Highsmith saß zurückgelehnt, in einem weichen, mit weißem Stoff bezogenen Sessel. Ein Terrakottafußboden, wenige Möbel, manche davon von Highsmith selbst gezimmert. Eine Blockflöte, ein schwarzer Füllfederhalter.
Über den Stufen, die in den oberen Teil des Hauses führten, das von einer ihrer zahlreichen Geliebten gemalte Porträt der 23-jährigen Highsmith. Auf der schmalen Bank vor dem Kamin, unter der Fernbedienung des Fernsehers, lag die Videokassette mit Hitchcocks „Strangers on a Train“, der Verfilmung ihres 1950 erschienenen ersten Romans.
Sie sagte: „Ich glaube, das Schreiben fällt mir heute nicht mehr so leicht wie früher. Leider wird das Leben komplizierter, wenn man älter wird. Es ist herrlich, jung zu sein und ein einfaches Leben zu haben, ohne von allzu viel unbedingt Notwendigem gestört zu werden.“
Highsmith war nachsichtig und wohlwollend, aber ihre Antworten waren wortkarg und ausweichend. Sie hielt zurück, was ihre Notiz- und Tagebücher auf unbefangene Weise enthüllen.
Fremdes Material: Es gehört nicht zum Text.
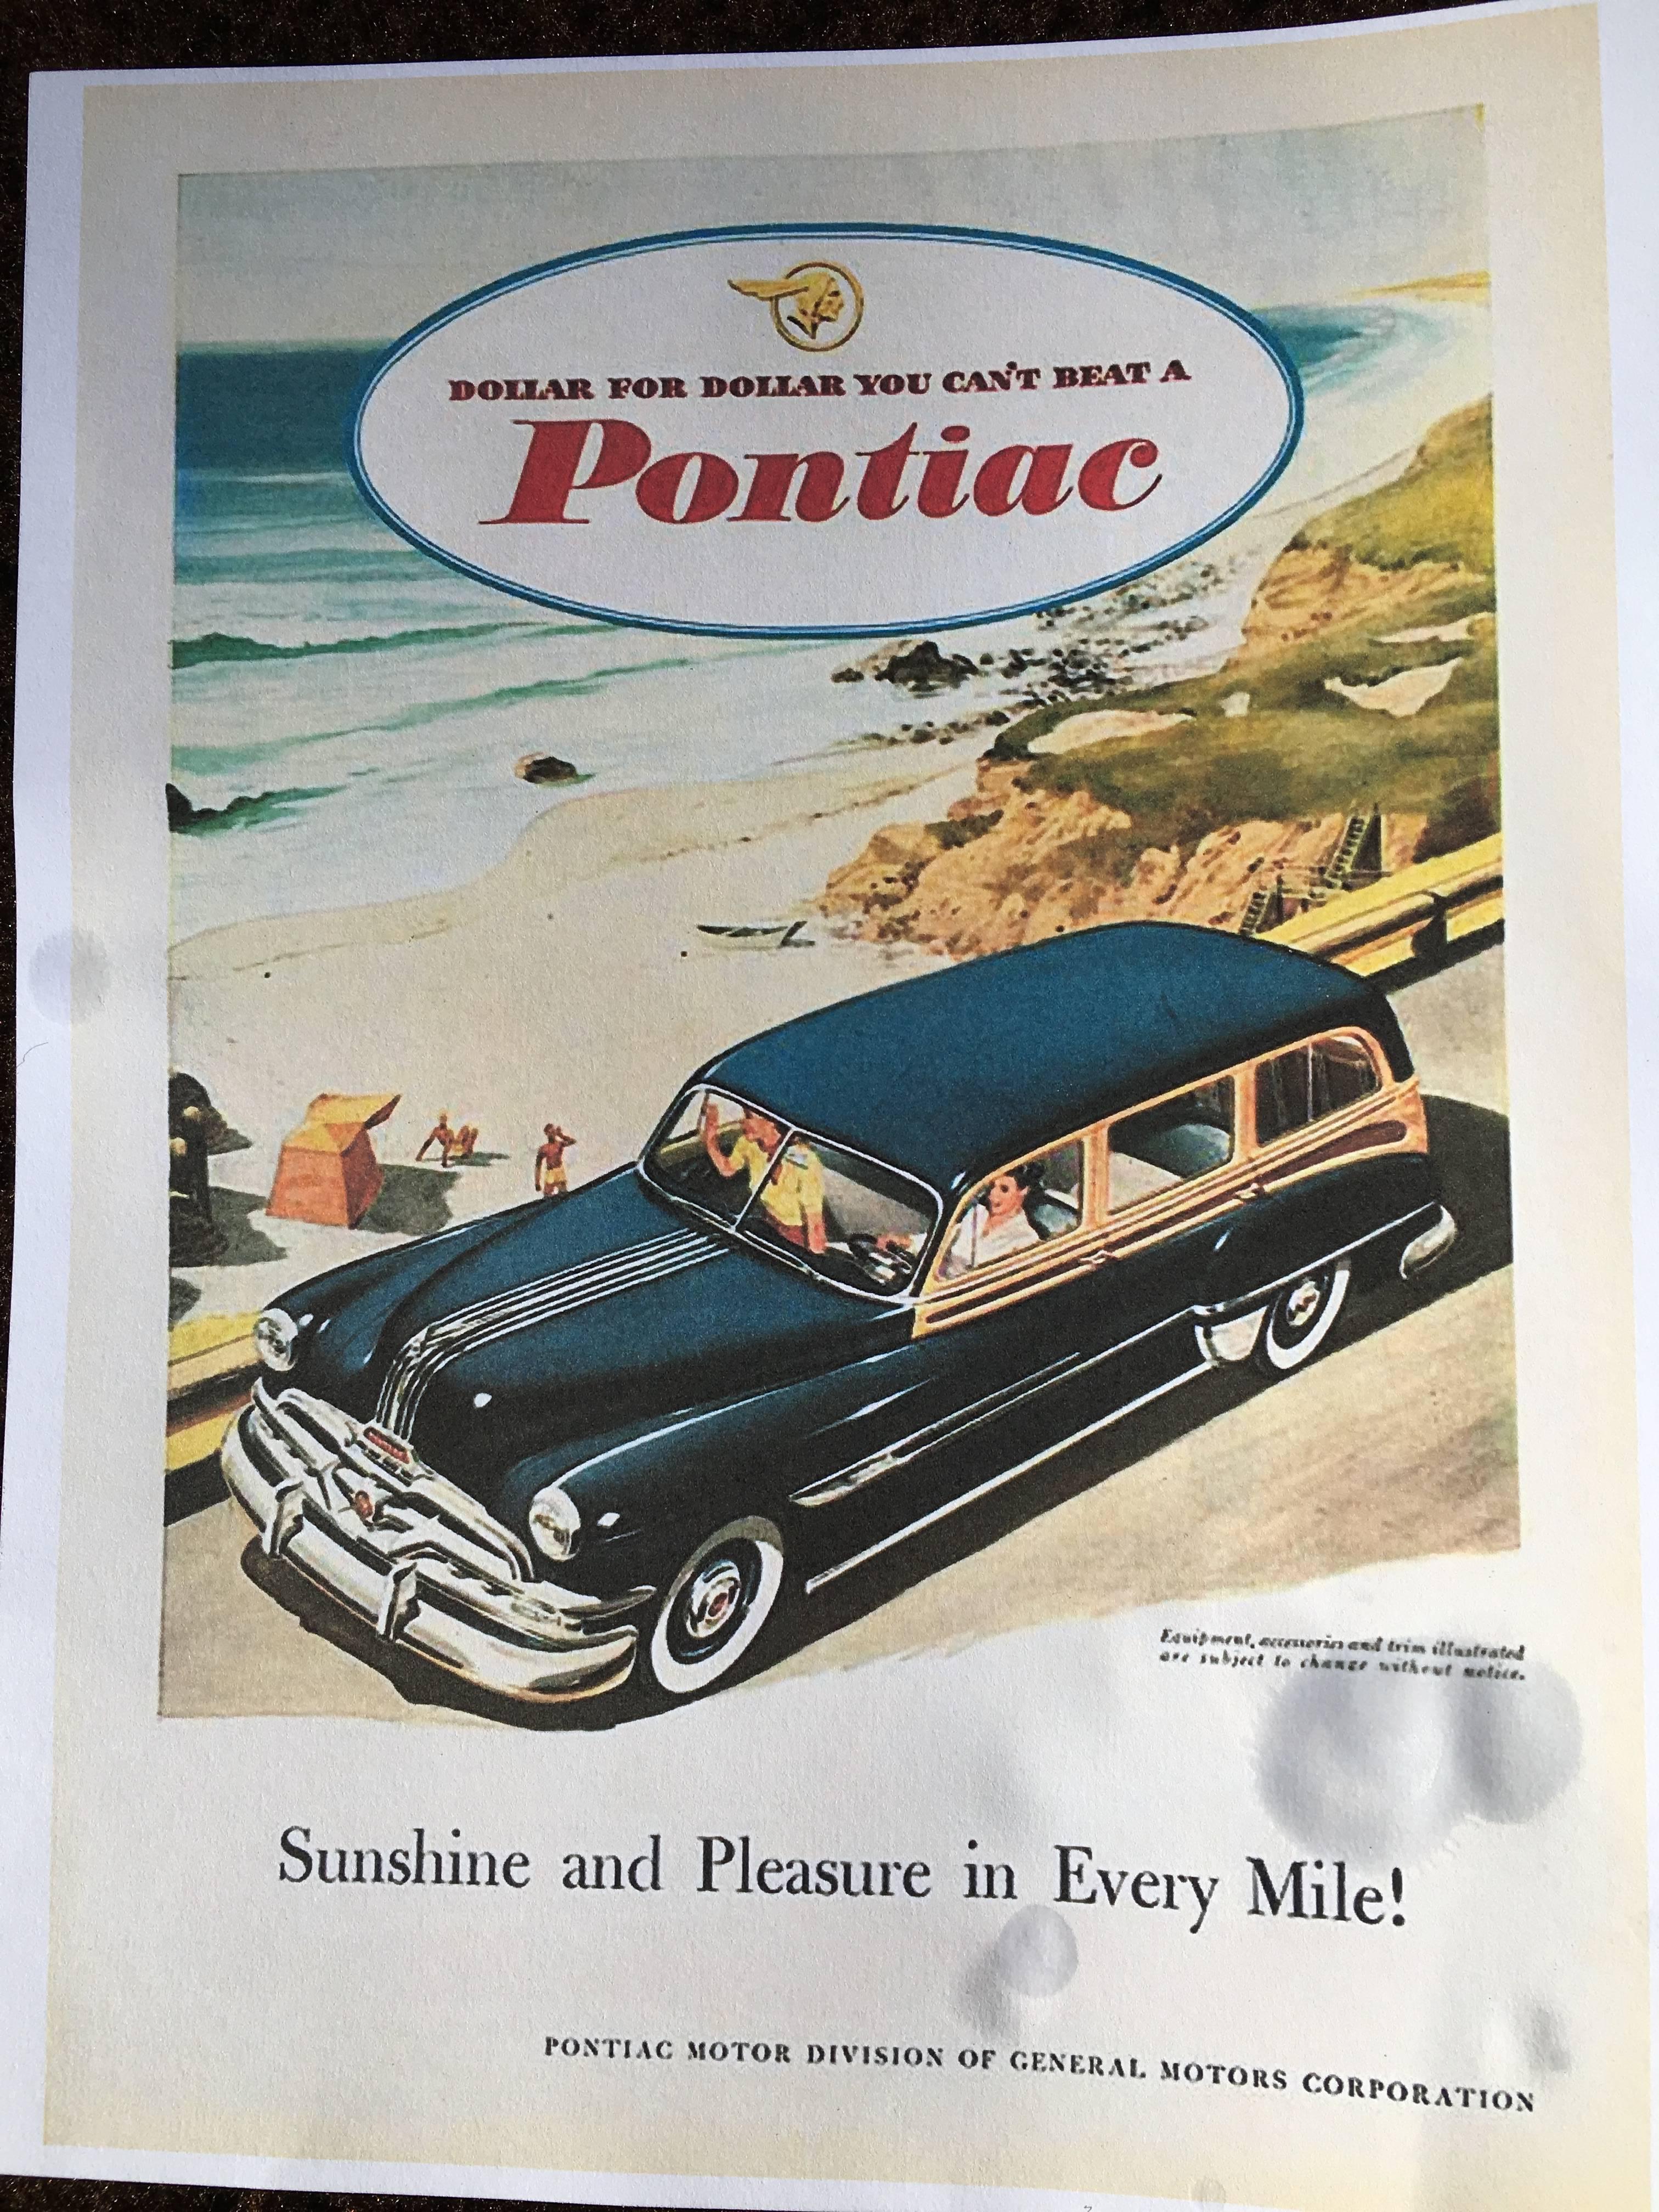 Steel Classic Pontiac Chieftain Deluxe Wagon, 1952

Darin begegnet einem ein in seiner ganzen Widersprüchlichkeit und inneren Zerrissenheit sichtbarer Mensch.

Chaotischer Konflikt unversöhnlicher Zustände

Joan Schenkar erzählt: „Sie pflegte zu sagen, dass ihr Blut 'sich schlafen gelegt' habe. Vermutlich konnte nur Patricia Highsmith, deren Leben vollkommen von der Metaphorik ihrer Obsessionen beherrscht wurde, an zwei rivalisierenden Krankheiten sterben. Durch die Behandlung der einen Krankheit verschlimmerte sich die andere. Highsmith starb also, wie sie gelebt hatte – in jenem chaotischen Konflikt unversöhnlicher, miteinander nie in Einklang zu bringender Zustände, aus dem ihr unvergleichliches Werk hervorgegangen ist.“
Im Tagebuch hatte Highsmith bereits am 28. Januar 1959 notiert:

Mein Leben ist absolut aussichtslos. Da hilft es auch nichts, genug zu schlafen, sich an eine Zeiteinteilung zu halten, täglich eine 'befriedigende' Menge Arbeit zu schaffen und sich abends dazu zu gratulieren. Mein Leben ist aussichtslos. Es hängt an einem seidenen Faden.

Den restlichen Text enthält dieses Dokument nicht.